Considerable geographic, racial, ethnic, and gender variation underlies national-level trends in life expectancy. In 2015–2019, residents in metropolitan areas had higher life expectancies than people living in nonmetropolitan areas and specific regions, such as rural areas and the South and Appalachia regions, (79.6 years compared to 77.0 years).

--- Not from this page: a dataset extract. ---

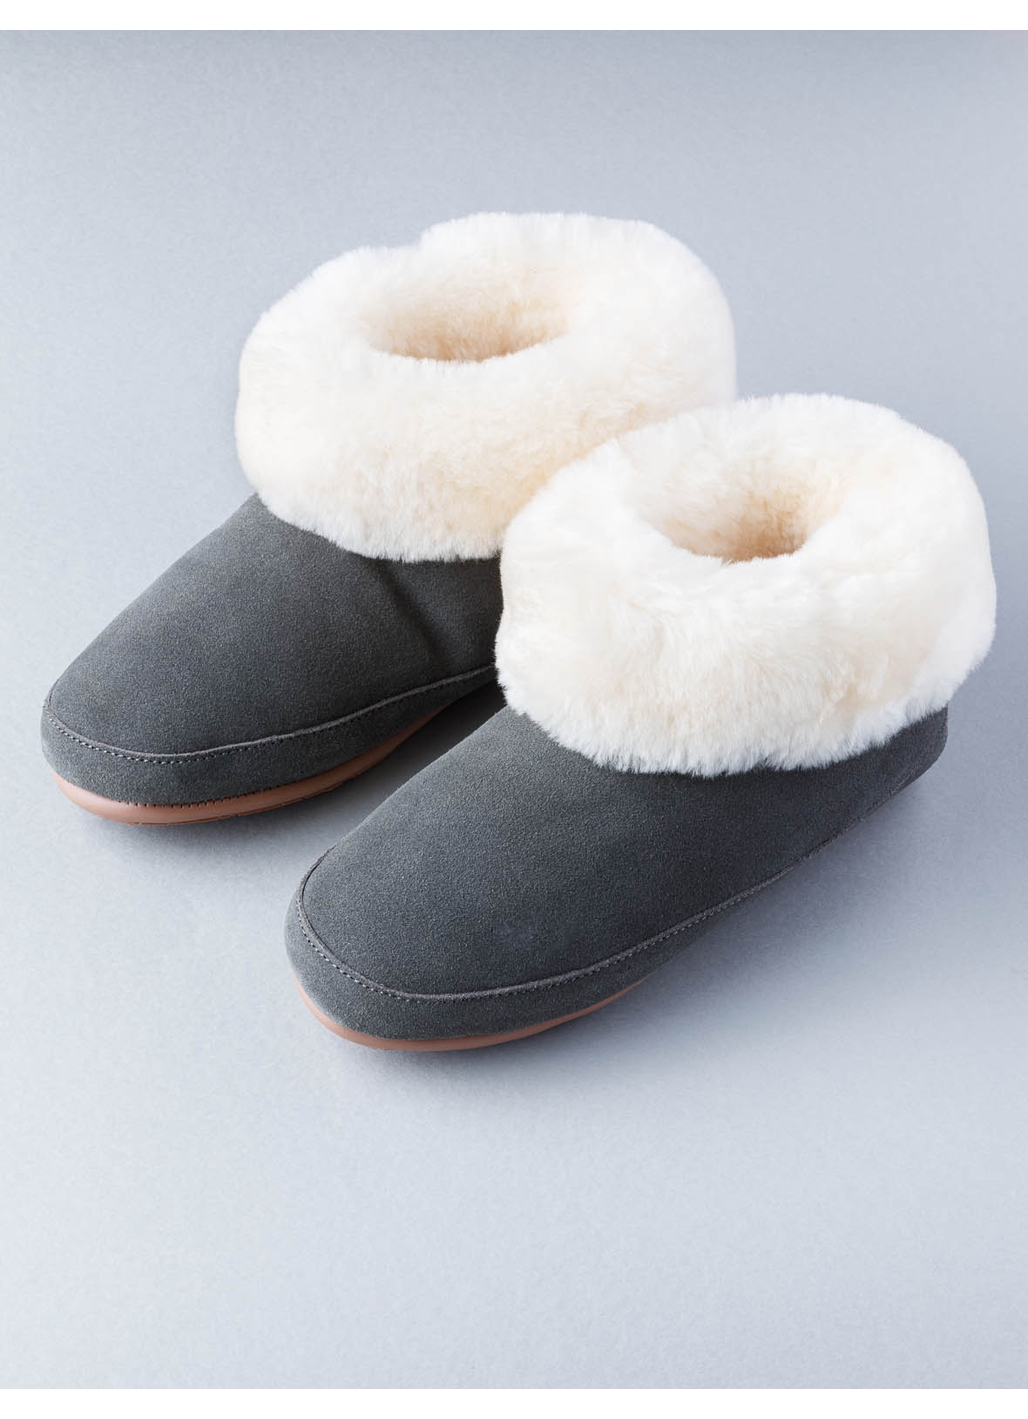 Ladies Sheepskin Boot Slippers in Dark Grey
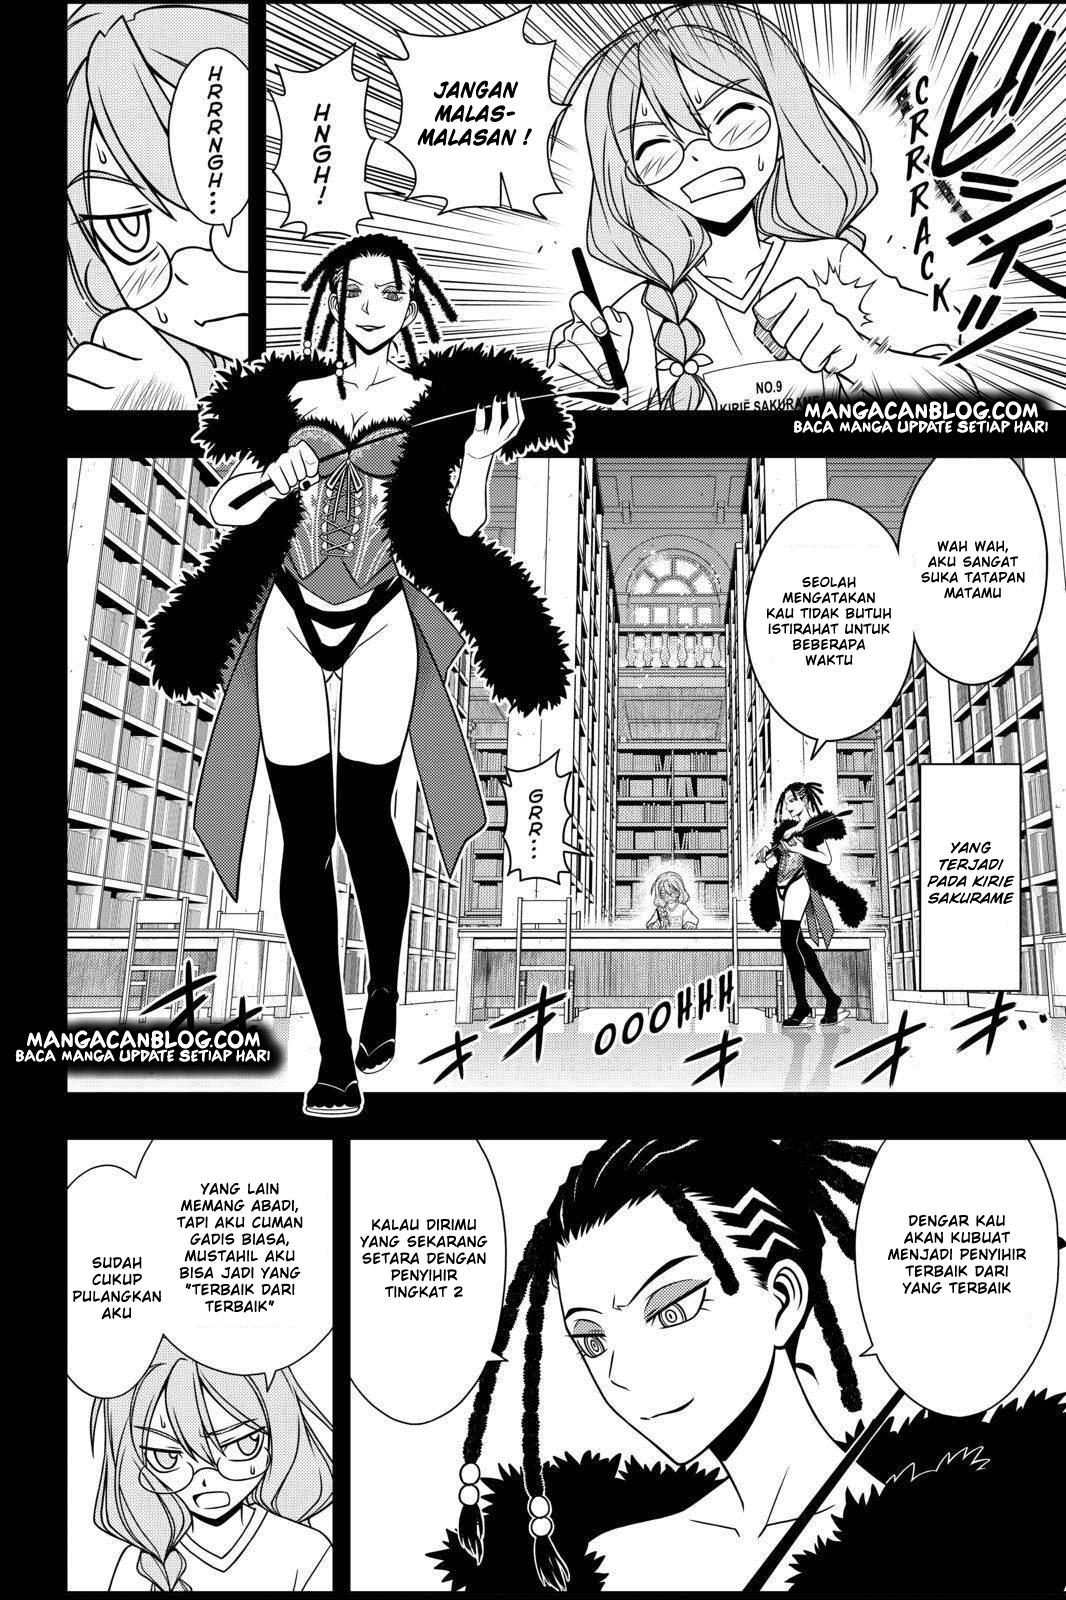 Komik uq holder 082 - semuanya sulit 83 Indonesia uq holder 082 - semuanya sulit Terbaru 6|Baca Manga Komik Indonesia

Although there have long been racial and ethnic disparities in life expectancy, the gaps had been narrowing in recent decades. For example, the African-American–White life expectancy gap fell 48.9% over 1990-2018.  Covid-19, however, did away with much of that progress, disproportionately affecting minority populations, who were more likely to be employed in risky, public-facing jobs during the pandemic — bus drivers, restaurant cooks, sanitation workers — rather than working from their homes.  Increases in excess deaths led to a decline in life expectancy between 2019 and 2021 of 6.6 years among Native Americans and Alaska Natives, 4.2 years for Hispanics, 4.0 years for African-Americans, compared to 2.4 years for Whites and 2.1 years for Asian-Americans.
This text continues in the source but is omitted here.